When I rinse my marimo, once done but before going in the tank I put them in a cup with dechlorinated water for a minute or two then into the tank.

They are expensive because they are usually harvested from the wild (their original habitat is almost completely depleted of them now sadly). They are EXTREMELY SLOW growers so they take many many years to get a decent size, so with a high demand and so slow to 'reproduce'(little tuffs form off the side of a ball that naturally pop off and make new babies) or be large enough to split and make new ones.. yes its _worth _that price.

If you think marimo are expensive look up "marble anubias for sale" or "snow white anubias for sale" they're $50-100+ for 4 leaves (less than 2" of rhizome) THAT'S expensive!


----------



## Matilda

*I have Marimo moss balls in almost all my tanks & I really like them. Any live "plant" will process a certain amount of fish waste in the tank & help keep the water clean so I think they are beneficial to the environment. The fake ones look nice but don't have any added benefit like the live ones.

I don't buy the ones at my PetSmart due to them being so over-priced. I get mine on Ebay or from online aquarium plant suppliers. I actually just got 5 big ones in an auction on Ebay for $20.00 which included shipping. The seller squeezed a lot of the water out prior to shipping & I just got a bowl of water from one of my tanks, put them in it & left it overnight. By morning they had puffed up & looked great.

Here are a few of them in my Scarlet Badis tank.*


----------



## CustardCatfish

Elodea, hygrophila and anubias are all incredibly easy plants. As long as you have gravel and a light on for about 8 hours, you can plant it and forget it. Just put in a bit of Leaf Zone every week. Bam. Planted tank. It's really not a super tricky and time-consuming hobby if you go the easy route. All plants just need a few weeks to settle into your tank, in which they might shed or look like they're dying. 

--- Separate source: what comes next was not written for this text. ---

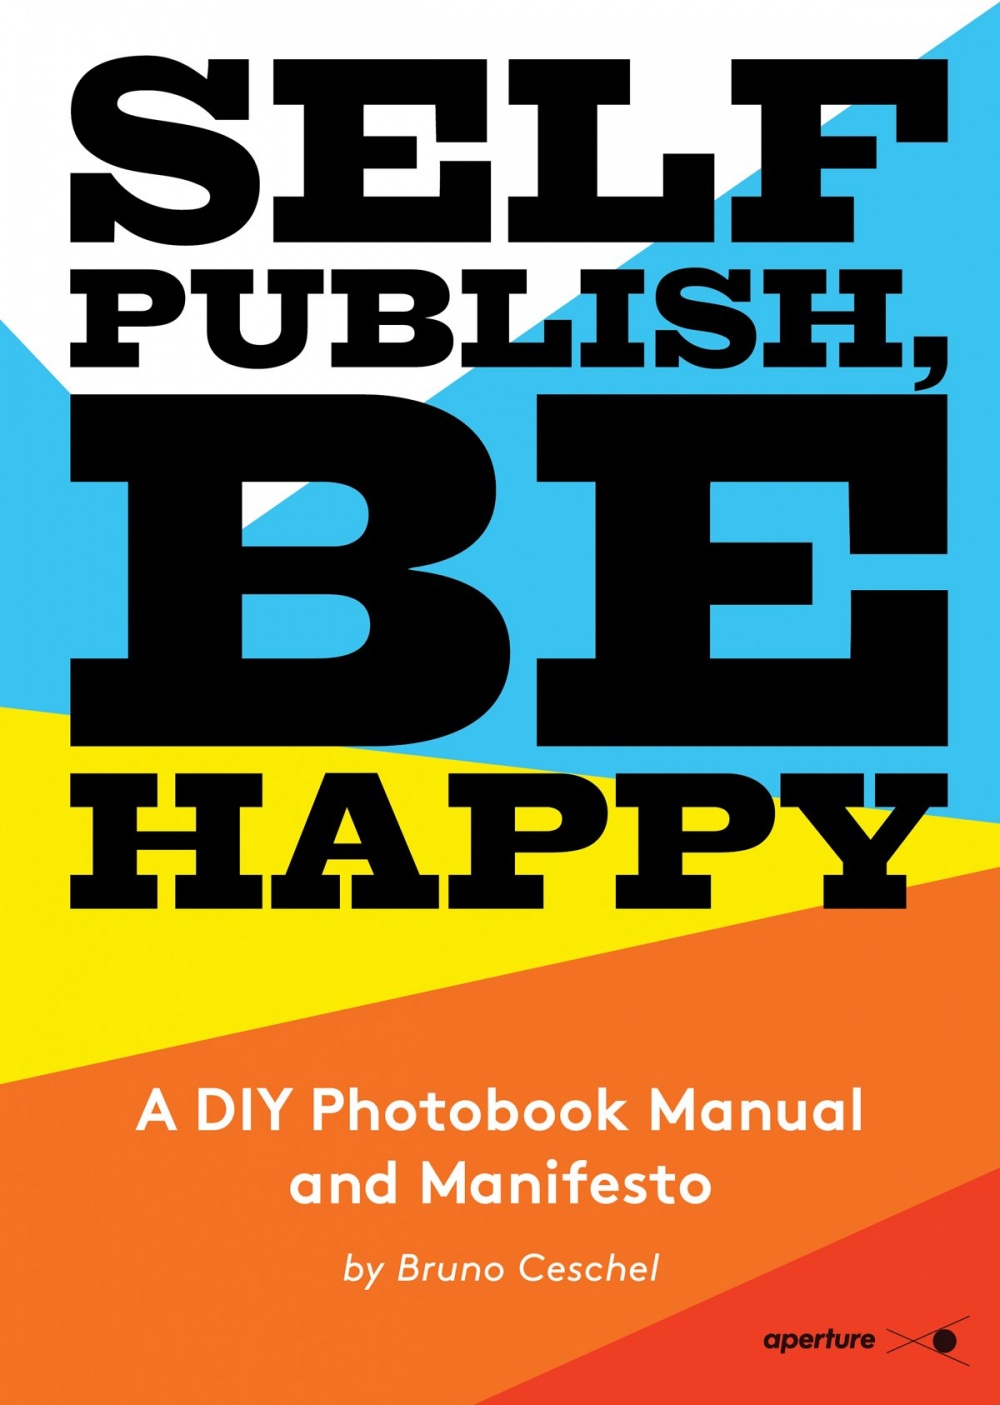 self publish, be happy
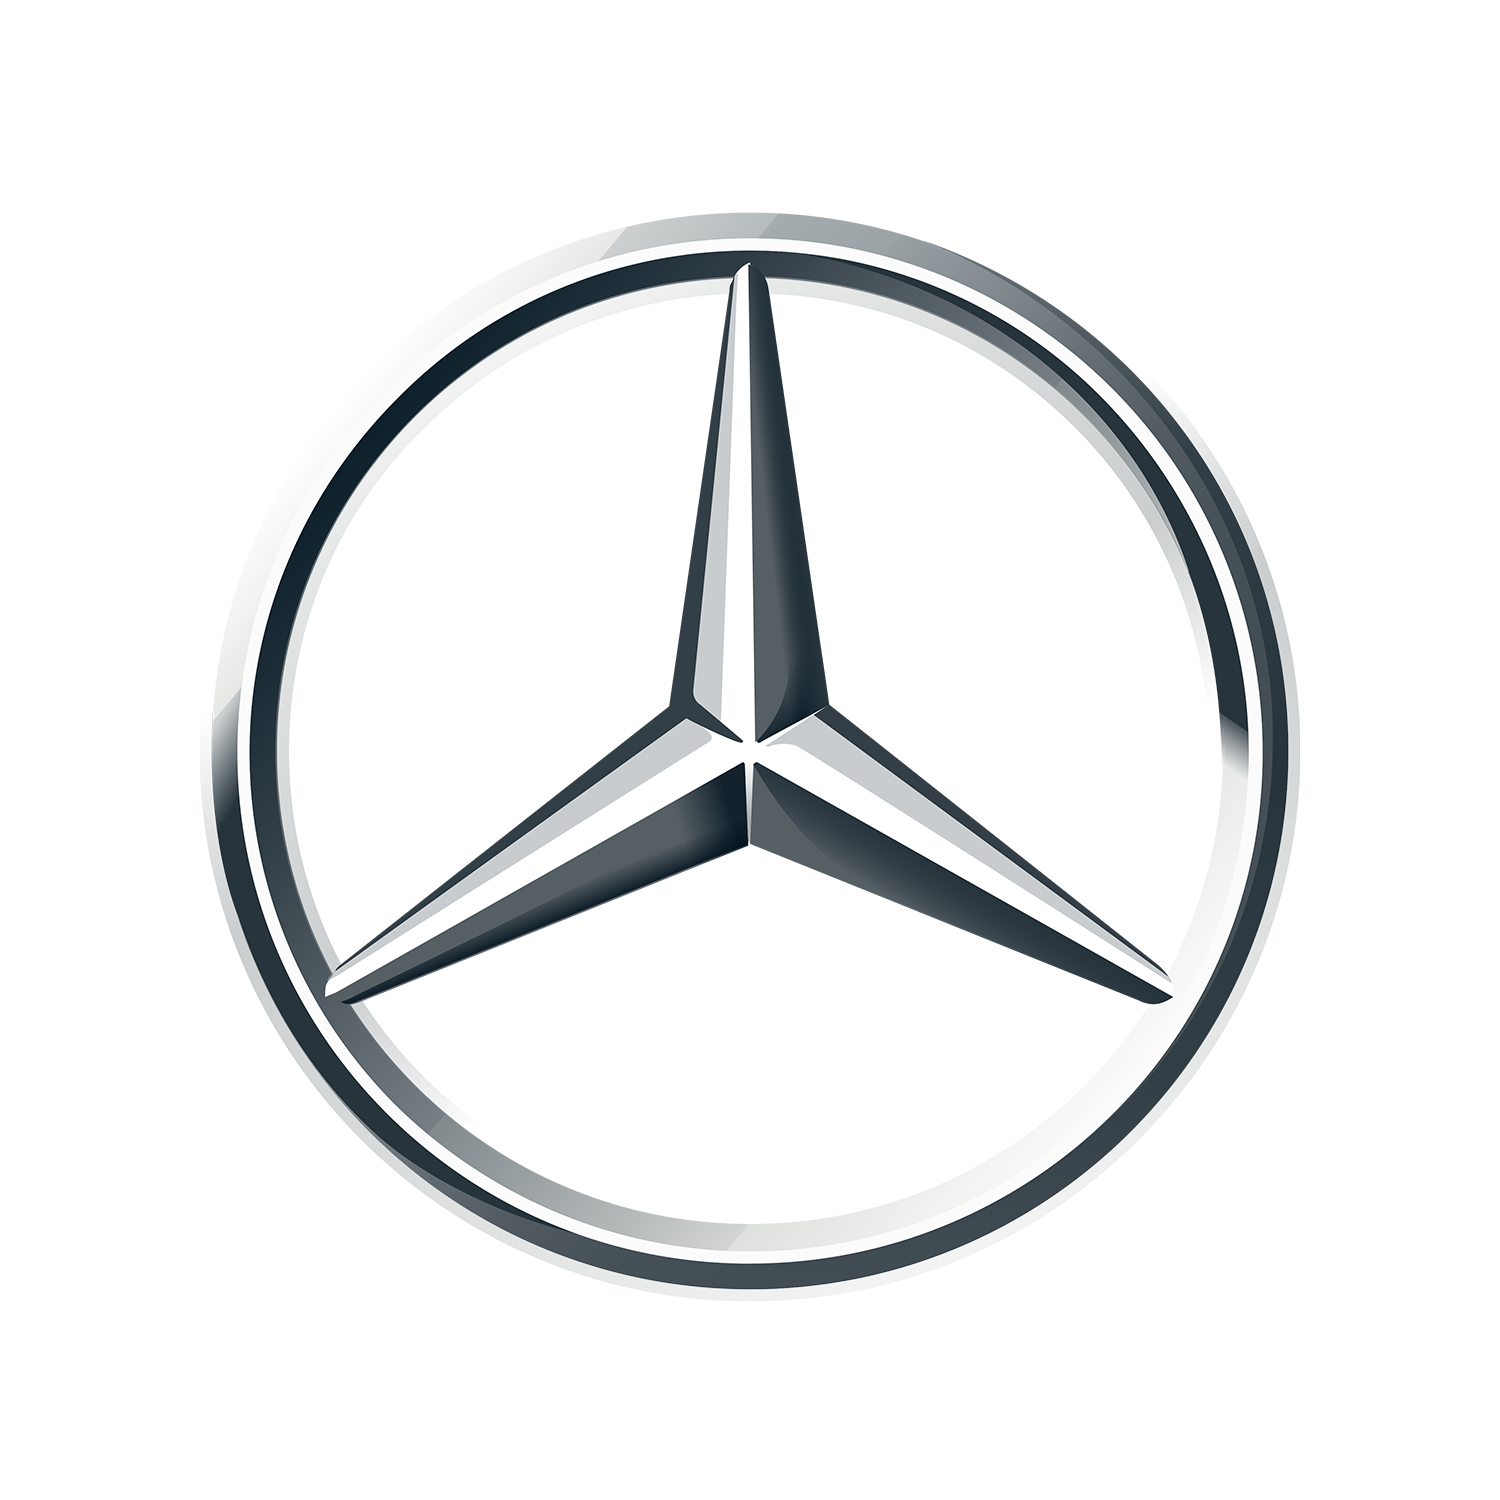 Genuine Mercedes Benz Parts, Mercedes Parts Dealer

The only maintenance you'll be doing is netting out the dead leaves every few days (1 minute when you do feeding time) and putting in a liquid fertiliser. API Leaf Zone does the job for those 3 plants. 

Seriously. It's so easy. 

I QT'd my marimo ball for a week and a bit. I'd leave it in tap water, squeeze the crap out, replace water. There was so much muck in there that I was relieved that I had QT'd it. It's like a sponge. I would QT yours. Even if it's a trusted seller, you just never know.


----------



## aqua hero

my bettas original home is an 8 gallon tank (he is in my 30 gallon so that his fins heal from tail biting) and i have moss balls. it was originally for the shrimp but my beta absolutely loves them. he swims around them during the afternoon and just investigates it or lies down on it like a cushion. i have had these balls in the tank for 4 months and the temperature is 80F. the moss balls are absolutely fine. yes they are quite costly like Aqua Aurora said


----------